Projects
National Data Platform
The National Data Platform, or NDP, is a federated and extensible data ecosystem to promote collaboration, innovation, and equitable use of data on top of existing cyberinfrastructure capabilities.
NDP is envisioned as a broad data ecosystem to enable data-enabled and AI-integrated research and education workflows.
NDP aims to:
- Facilitate data registration, discovery and usage through a centralized hub
- Enhance distributed CI capabilities through distributed points of presence
- Cultivate resources for classroom education and data challenges
- Assist research and learning through personalized workspaces

NOURISH
NOURISH empowers people to build small businesses that make fresh food widely available, affordable, and convenient for all.
NOURISH app provides current and future small business owners with access to:
- Chat-based interface available in multiple languages
- Loan and grant information
- Online maps that optimize the placement of fresh food outlets for foot traffic
- Help with navigating the convoluted business permitting process
- AI-enabled guidance on affordable ways to locally source fresh ingredients

AWESOME
A Tri-Store Data System for Multi-Model Analytics
Modern data science applications increasingly use heterogeneous data sources and analytics, leading to growing interest in polystore systems. Instead of a general-purpose polystore system, we present AWESOME (Analytics WorkbEnch for SOcial MEdia), a cutting-edge specialized “tri-store” system tailored to analytics workloads spanning relational, graph, and text data. AWESOME features a powerful domain-specific language, ADIL, which empowers users to concisely express complex applications involving cross-DBMSs queries, text and graph analytical functions, and transformations across the three data types. By incorporating a learned optimizer, it intelligently selects the optimal platform for analytical functions and the most efficient data stores for intermediate processing, which eliminates the need for users to grapple with intricate coding or complex decision-making in heterogeneous data environments.

UCSF Industry Documents
Semantic Search for the Digital Library
The UCSF Digital Library has over 22 million documents containing a heterogeneous collection of research papers, reports, emails, industrial memos and so forth that have been collected to support research in areas like public health, policy and drug industry practices. The goal of the project is to enable researchers to perform progressive, contextual search on documents based on the concepts, entities, events, and their relationships. The contextual search will be enabled by a natural language like interface. In collaboration with researchers and digital librarians from UCSF, we will develop efficient indexing techniques to analyze these documents and offer a low-latency mechanism to keep the indices updated as new documents are added.

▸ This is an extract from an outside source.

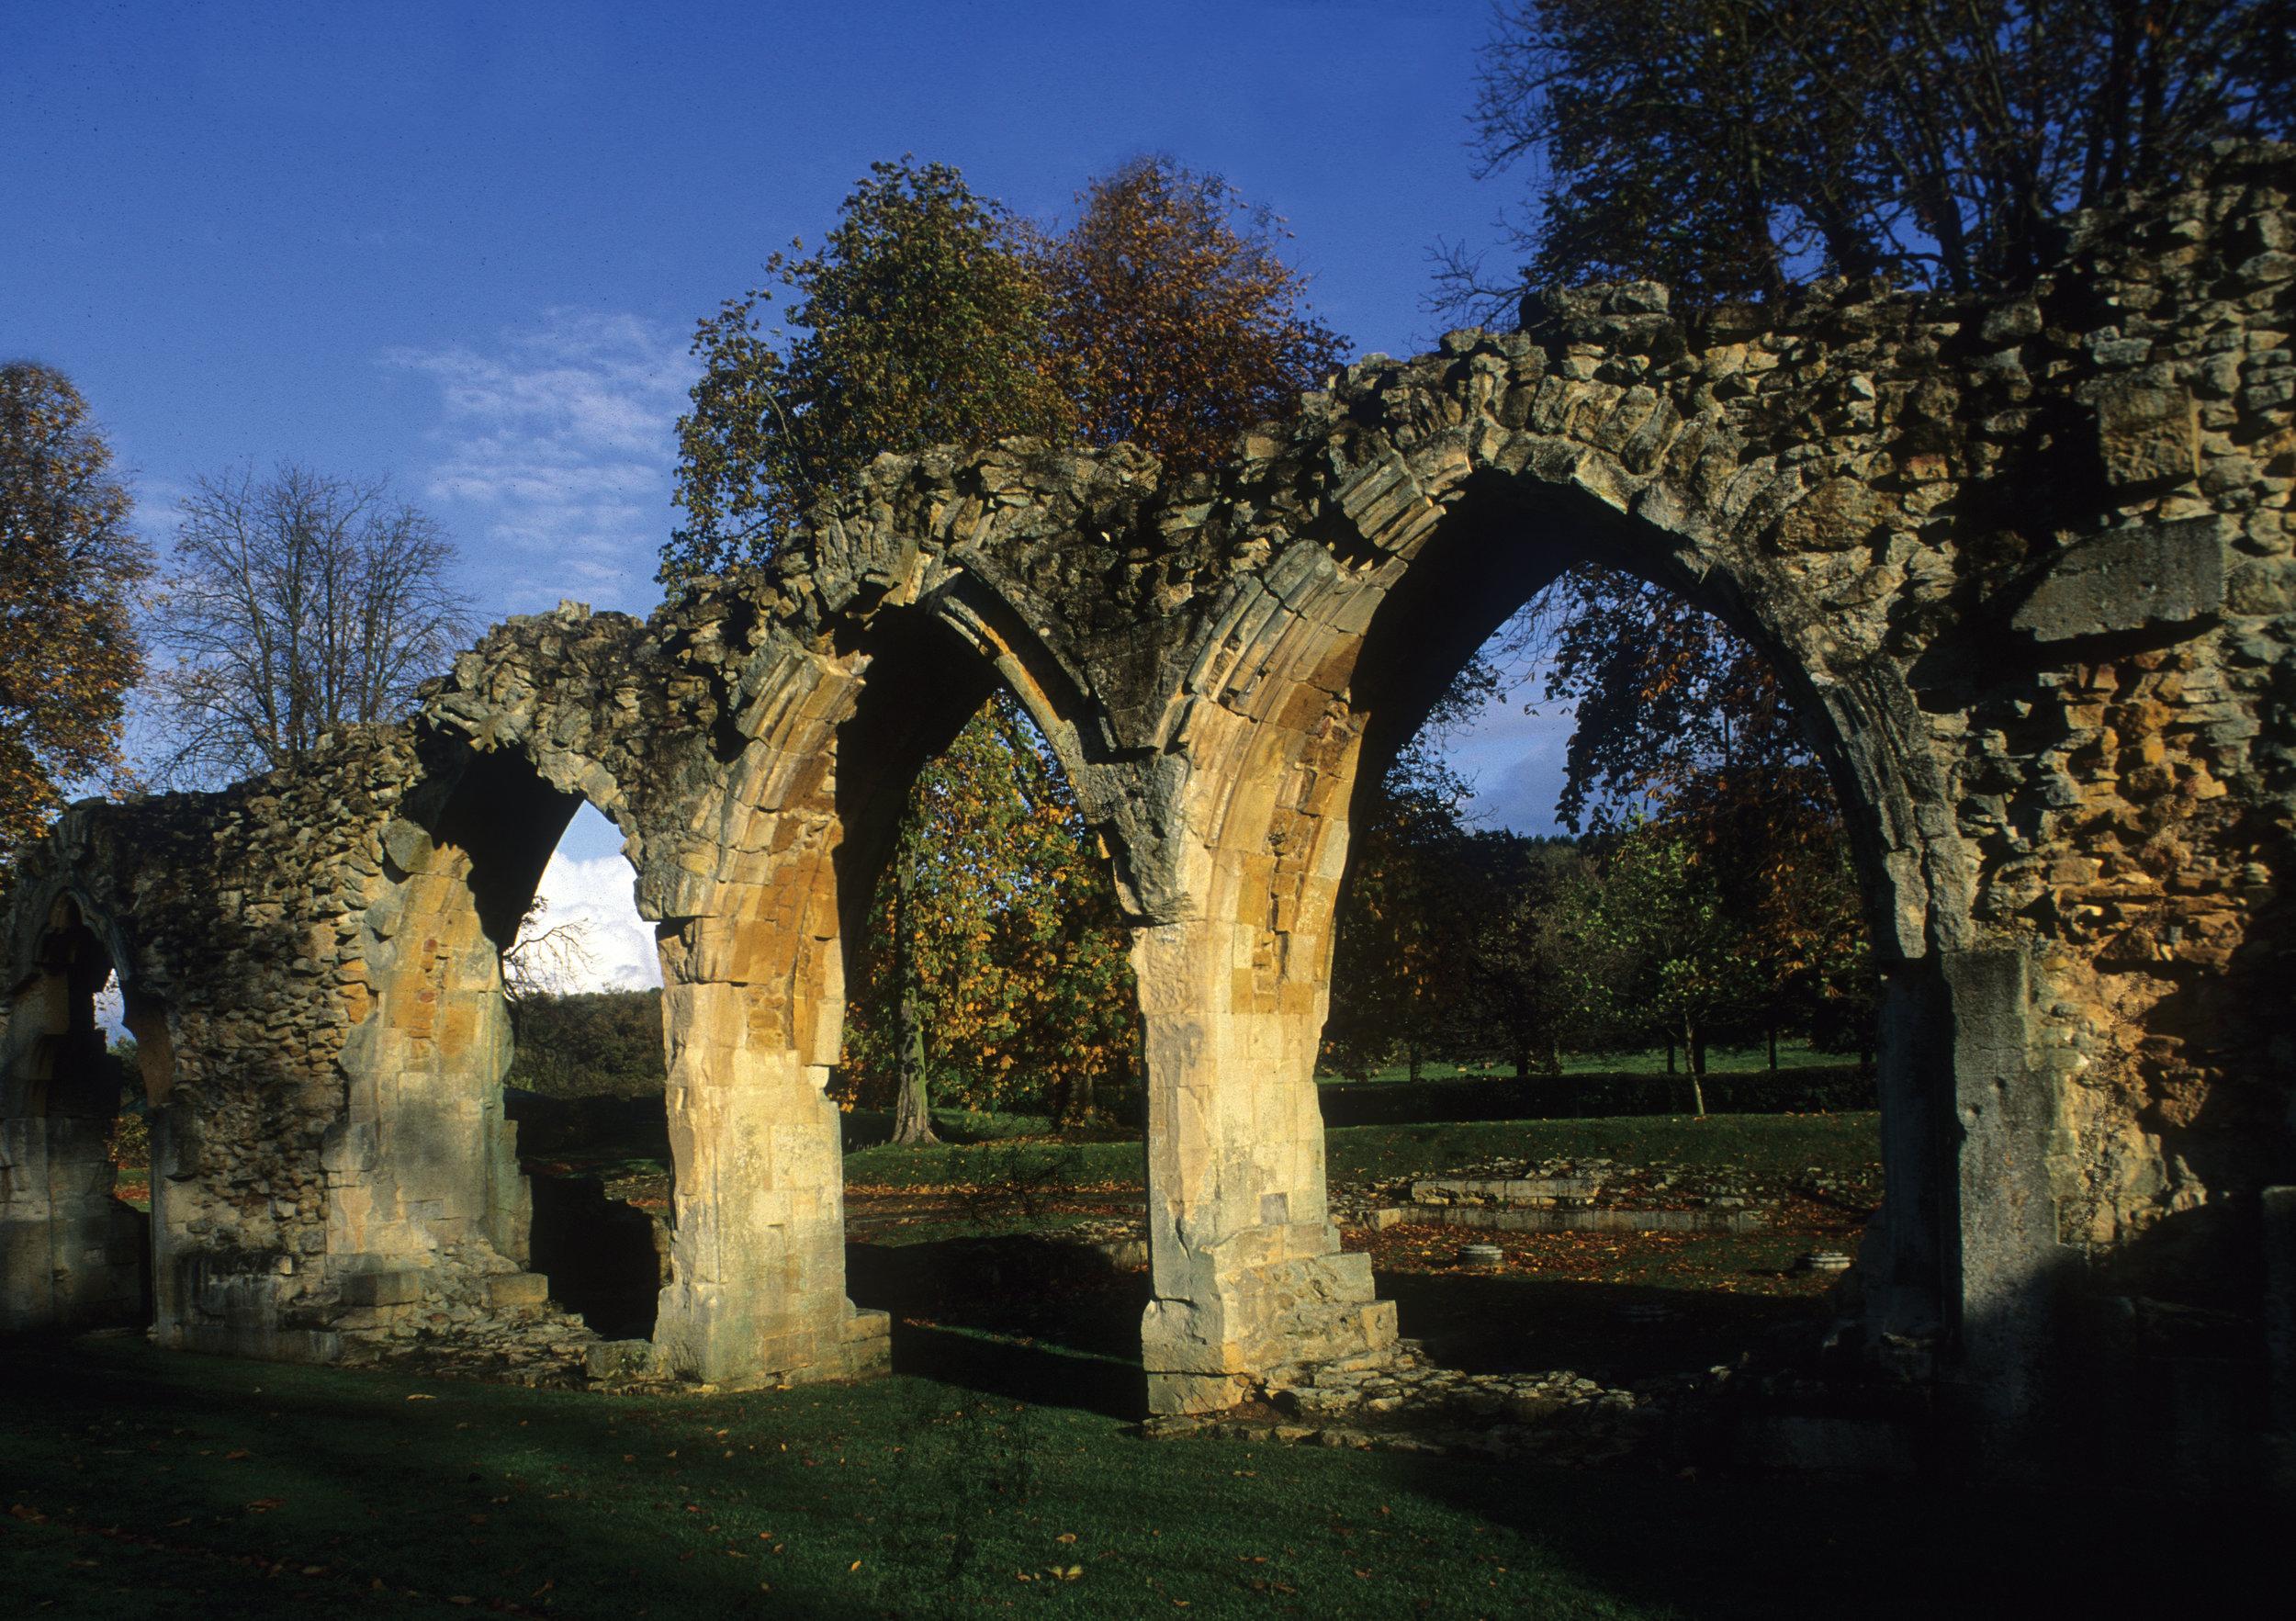 Hailes Abbey, Winc hcombe, Glos 01.jpg
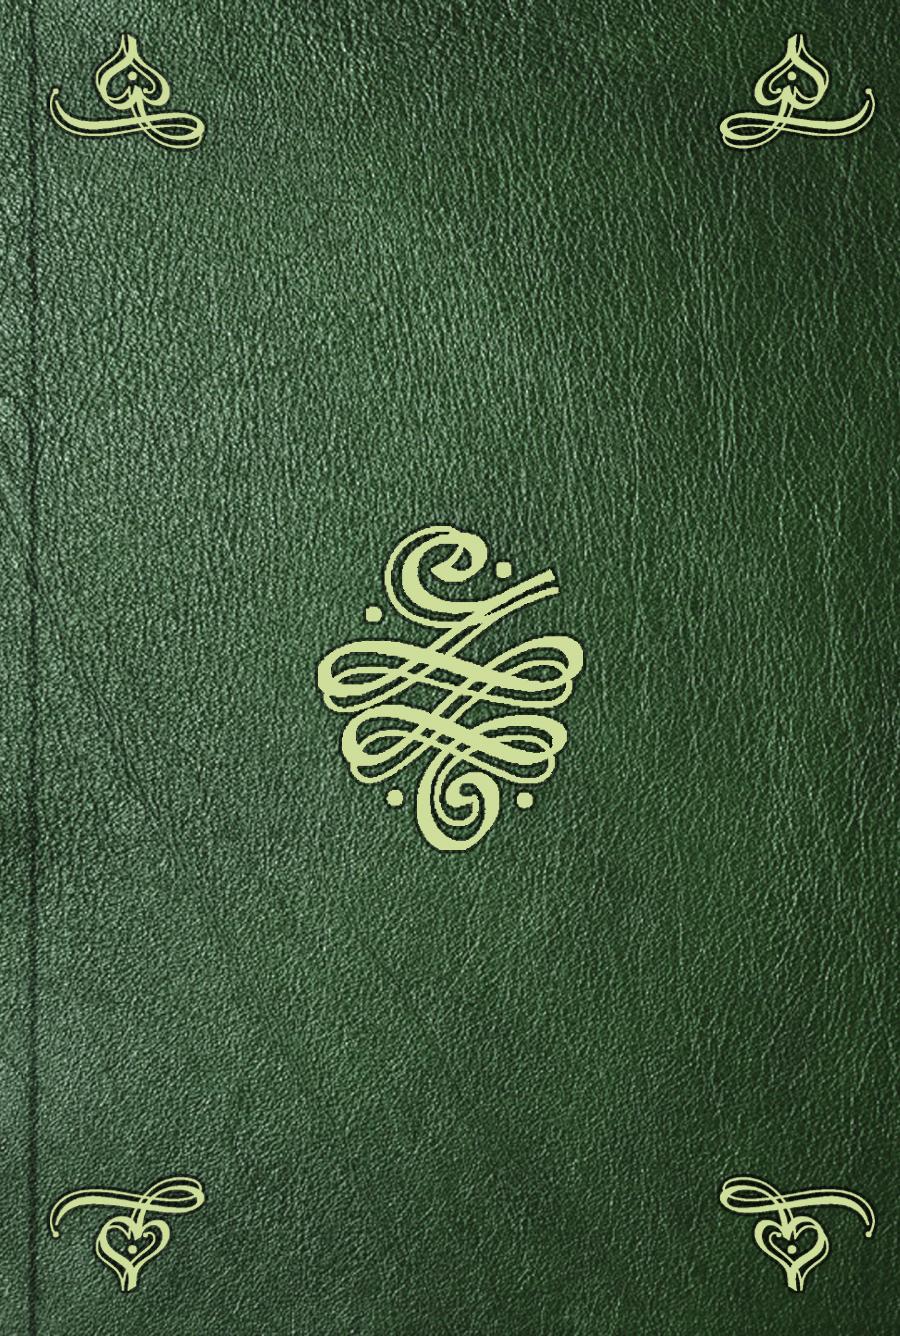 Фото - Рене Декарт Oeuvres de Descartes. T. 9 декарт рене декарт собрание сочинений

Physiological Data Analysis
In collaboration with the Smarr Lab (Shu Chien – Gene Lay Department of Bioengineering & Halicioğlu Data Science Institute, UCSD), we are developing information management techniques for large-scale time-series data that monitor multimodal physiological signals. These signals can come from wearable, in-body, or near-body devices that emit data. Depending on the device, the data may come in a streaming form or in periodically delivered batches. The time-series data may be accompanied by auxiliary data (e.g., medication history, surveys) about the subjects, such that both forms of information can be jointly analyzed. Further, the data may need to be deidentified for analysis and re-identified before analytical results are communicated back to the subjects. Application areas to date include sensor data analysis for COVID-19 prediction, identification of physiological correlates to mental health conditions, detection of pregnancy and prediction of complications, and glucose level prediction for diabetes management.